Resellers and integrators in the UK have warned that the conflict over competing technology standards could persuade corporate buyers to postpone any buying decisions over storage until fears of technology lock-in have been resolved.
"This is about getting vendors together so they can present some unity to the market," said Datacore's director of marketing, Bharat Kumar, at the Euro Storage event in Prague last week.
"Our customers need to rationalise their data now, but they'll only commit themselves when they're confident they're not getting locked into a technology. This is about showing customers there's seamless interoperability between San vendors," he explained.

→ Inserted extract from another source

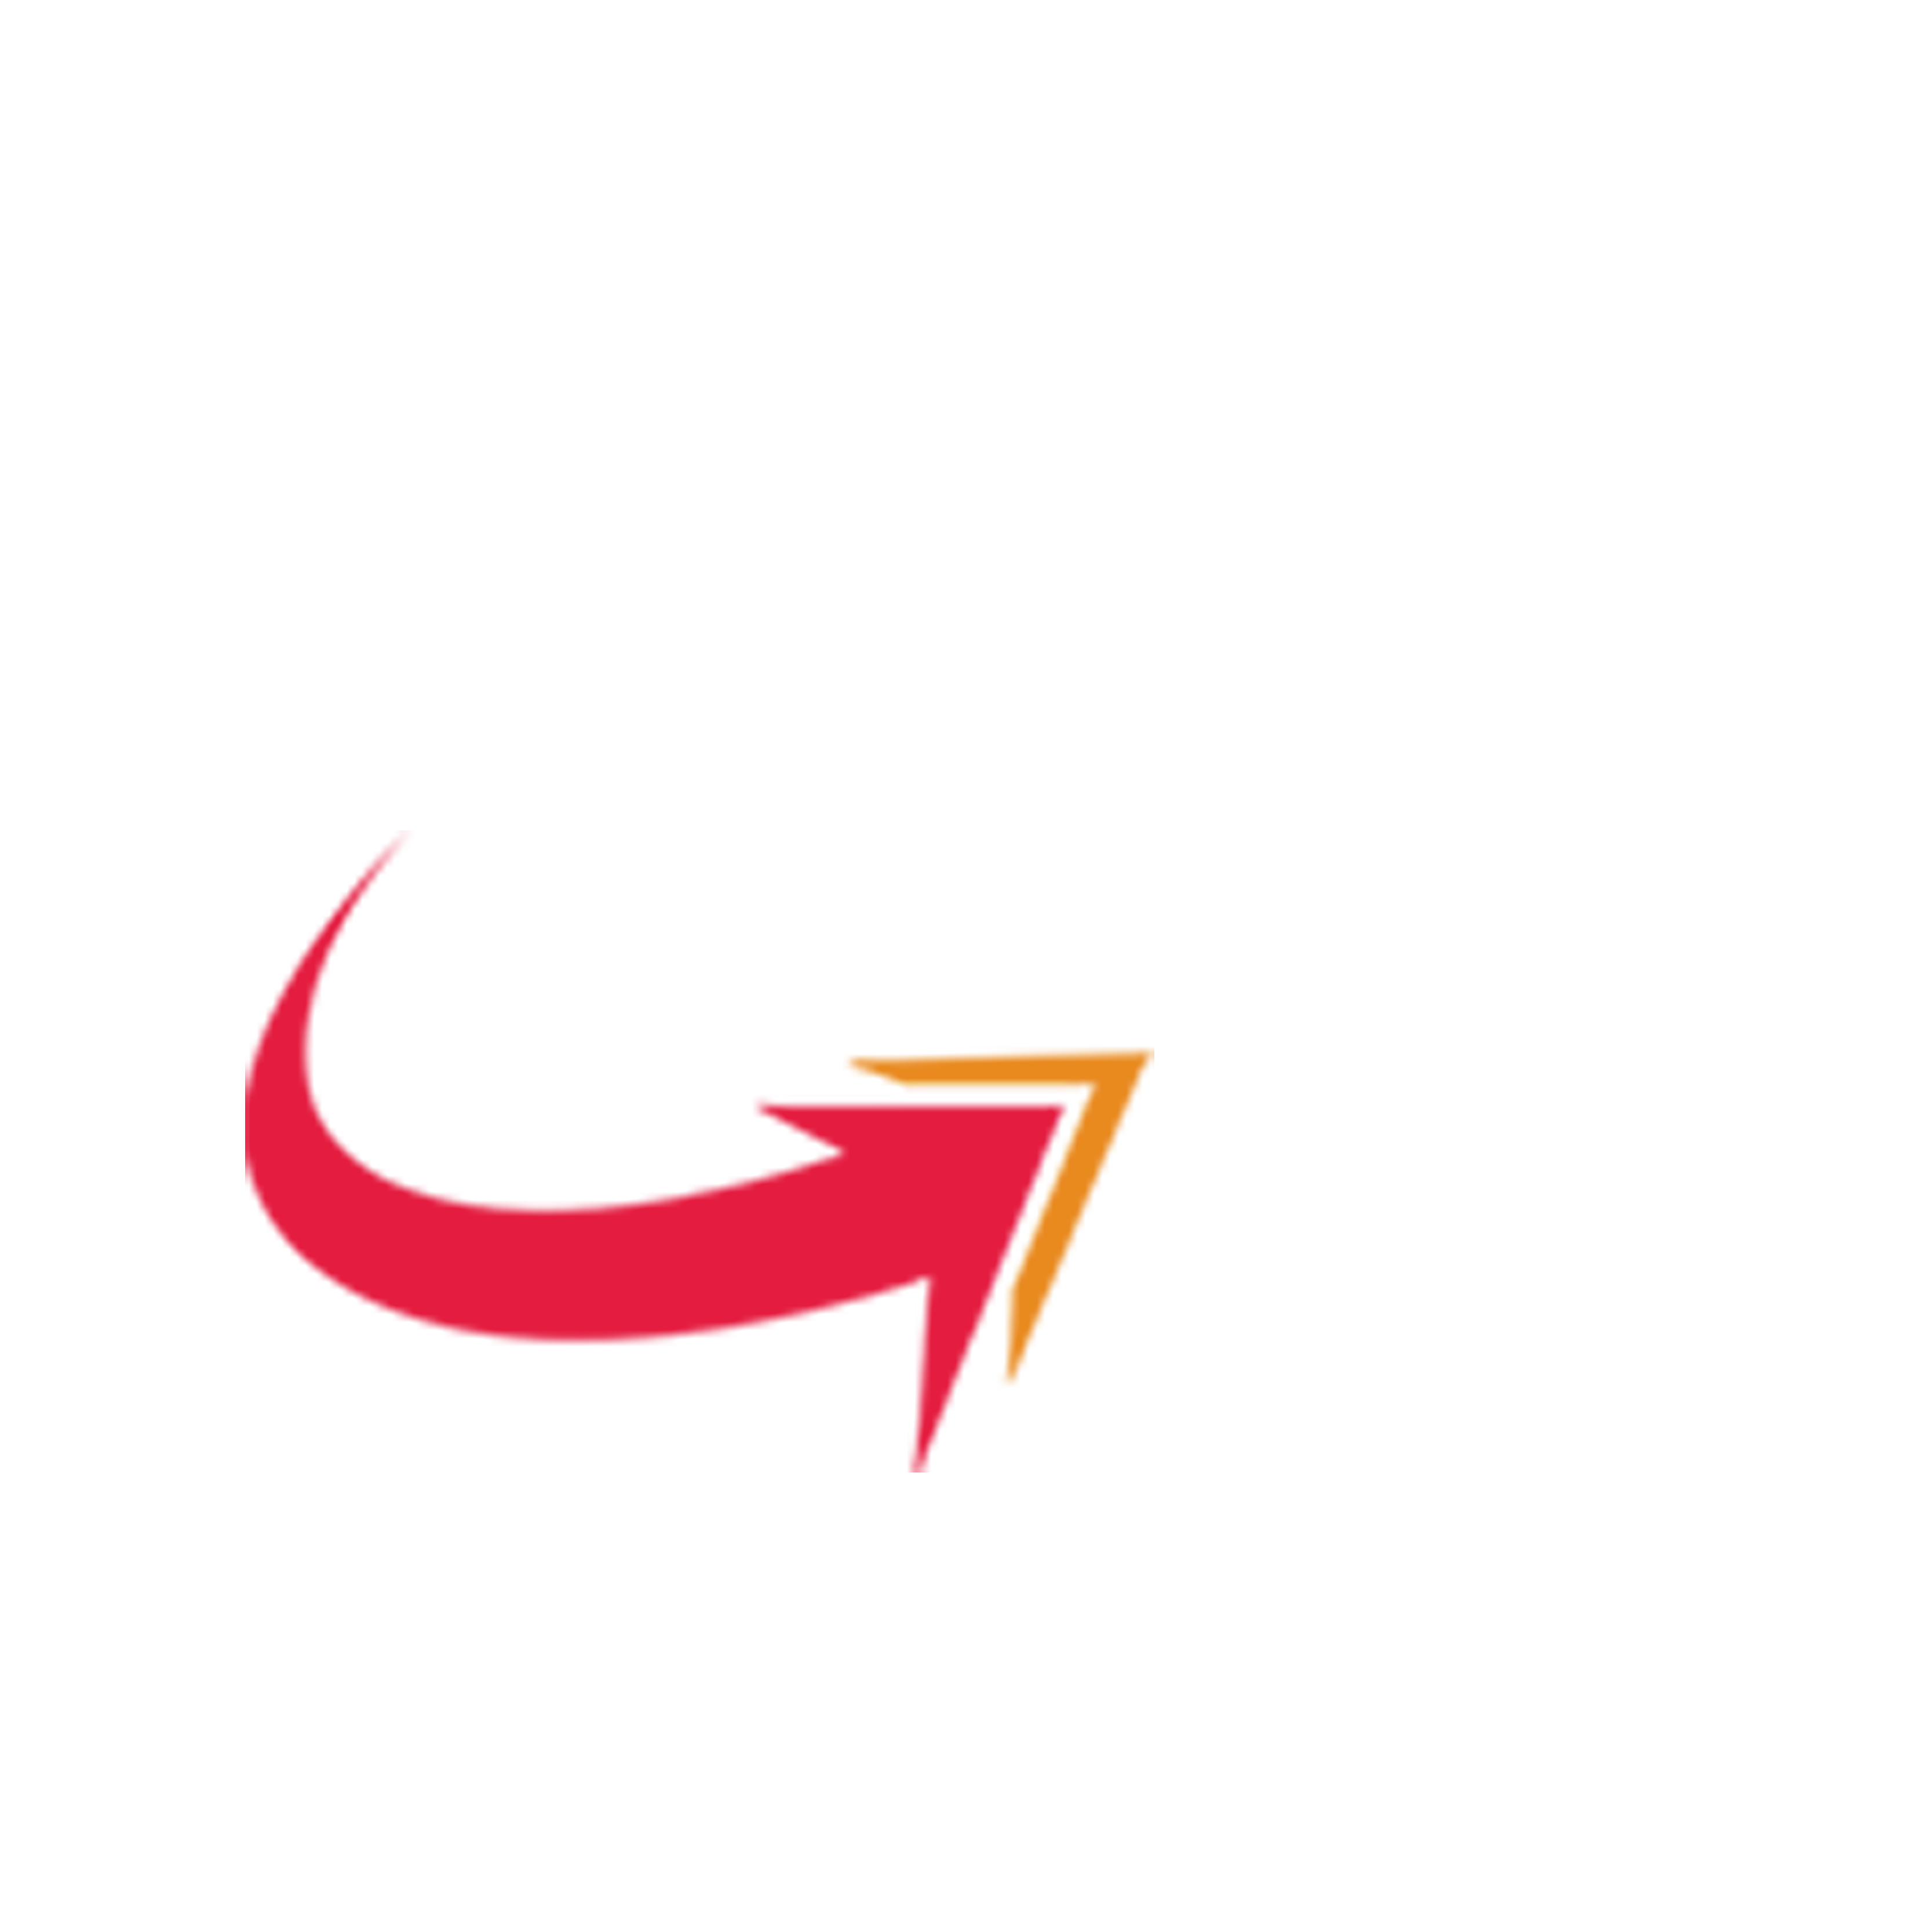 shaQ Express

John Runne, executive vice president for corporate development at McData, one of its technology partners, said: "Combining SANsymphony with our switches gives customers a truly open San solution to address their growing storage concerns."
Separately, Network Appliances, a vendor that is championing the cause of the rival Nas, announced the latest developments in its Open Storage Networking strategy, launching the Data Fabric manager which it claimed will neutralise any of the cost-saving arguments made by San advocates.
"It'll take more than a few committees to solve the differences between all the proprietary vendors," said Stuart Gilks, technical services manager for northern Europe at Network Appliance. "It's unrealistic to expect people to make the leap into San when it took networking 20 years to get to a point where users didn't need to worry about common specs being met by different vendors."